WHAT TO PRODUCE >> An exact reproduction of the listing is wanted, with the pictures dropped.

STORED DATA >>
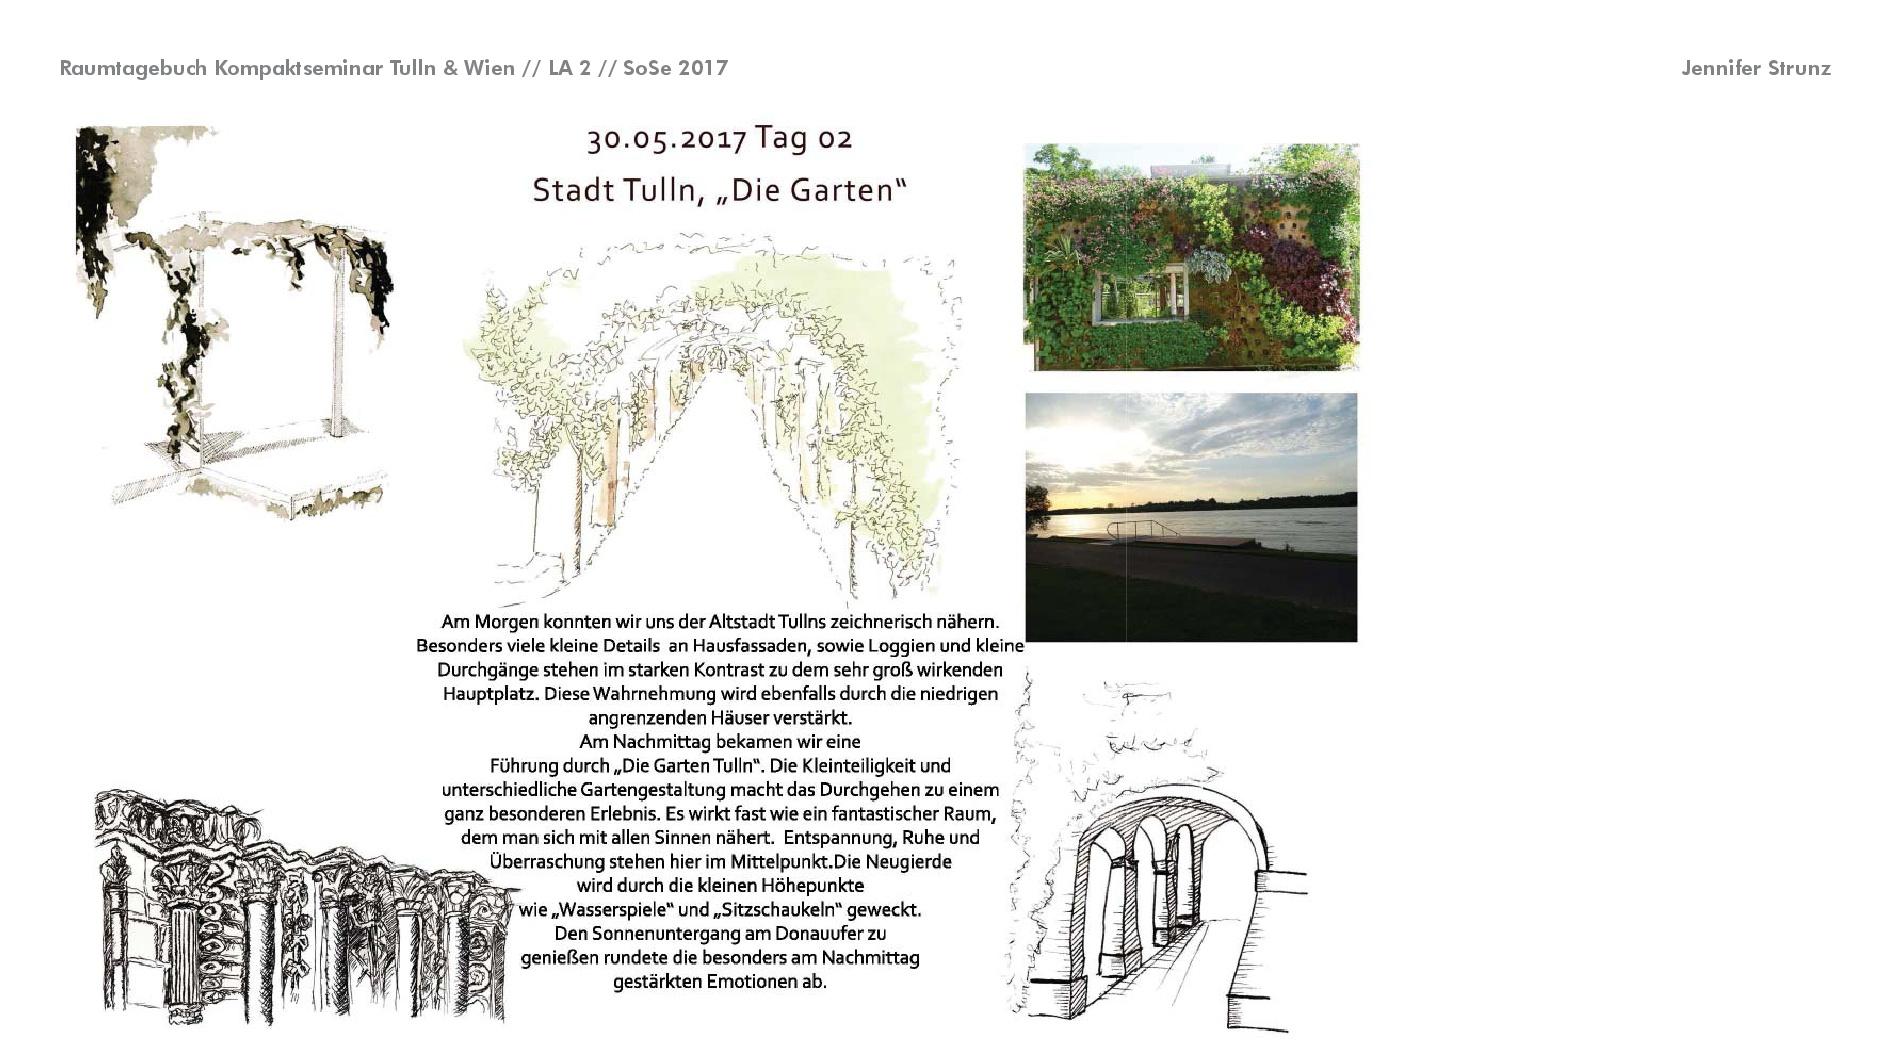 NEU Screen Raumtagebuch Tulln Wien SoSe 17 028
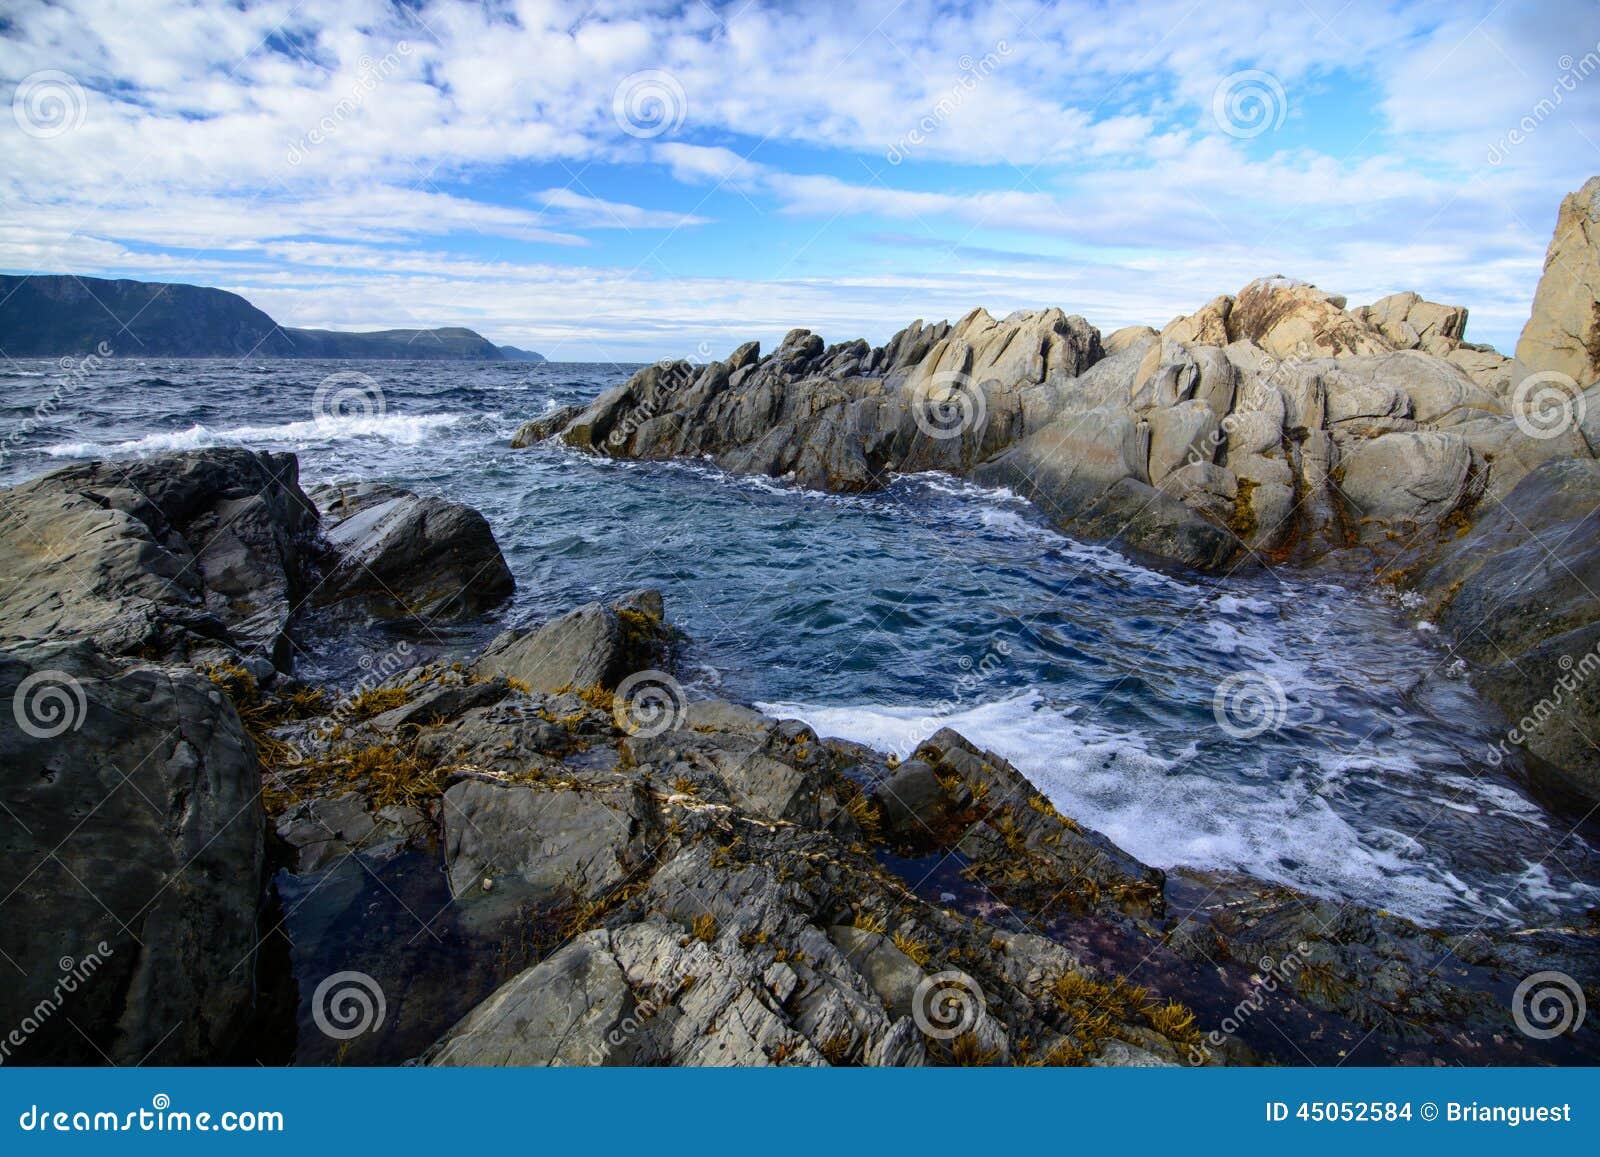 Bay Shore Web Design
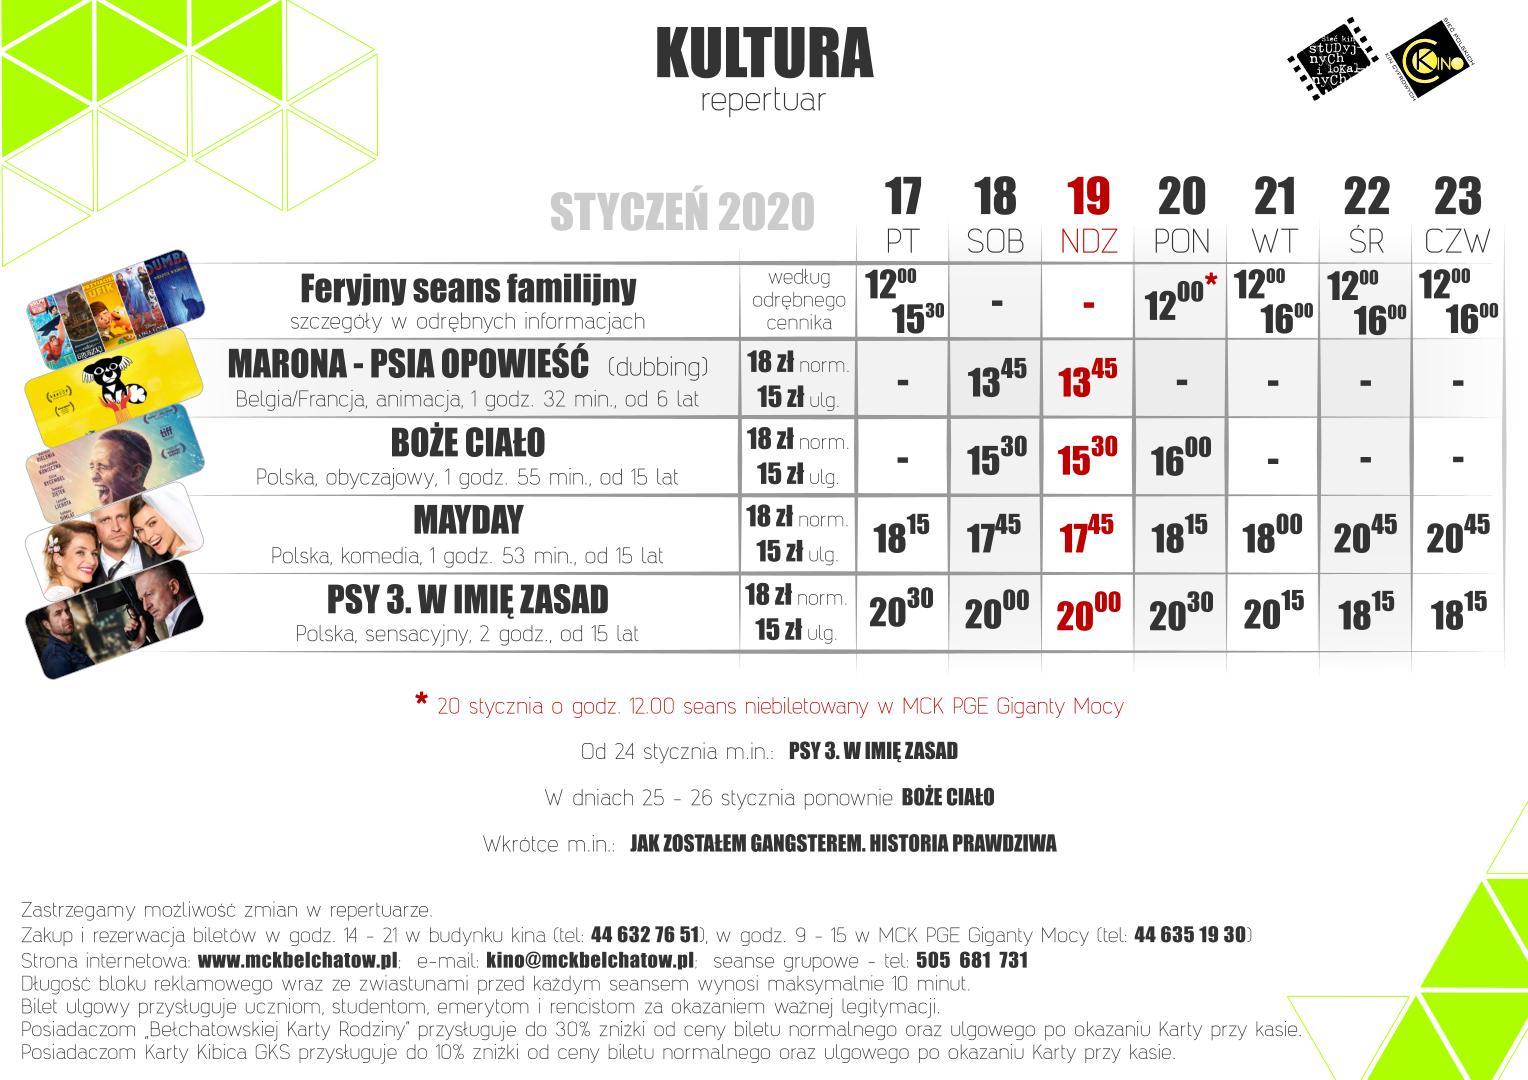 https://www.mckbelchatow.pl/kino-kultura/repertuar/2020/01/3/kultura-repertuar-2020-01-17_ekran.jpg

WRITTEN SOLUTION >>
 NEU Screen Raumtagebuch Tulln Wien SoSe 17 028
 Bay Shore Web Design
 https://www.mckbelchatow.pl/kino-kultura/repertuar/2020/01/3/kultura-repertuar-2020-01-17_ekran.jpg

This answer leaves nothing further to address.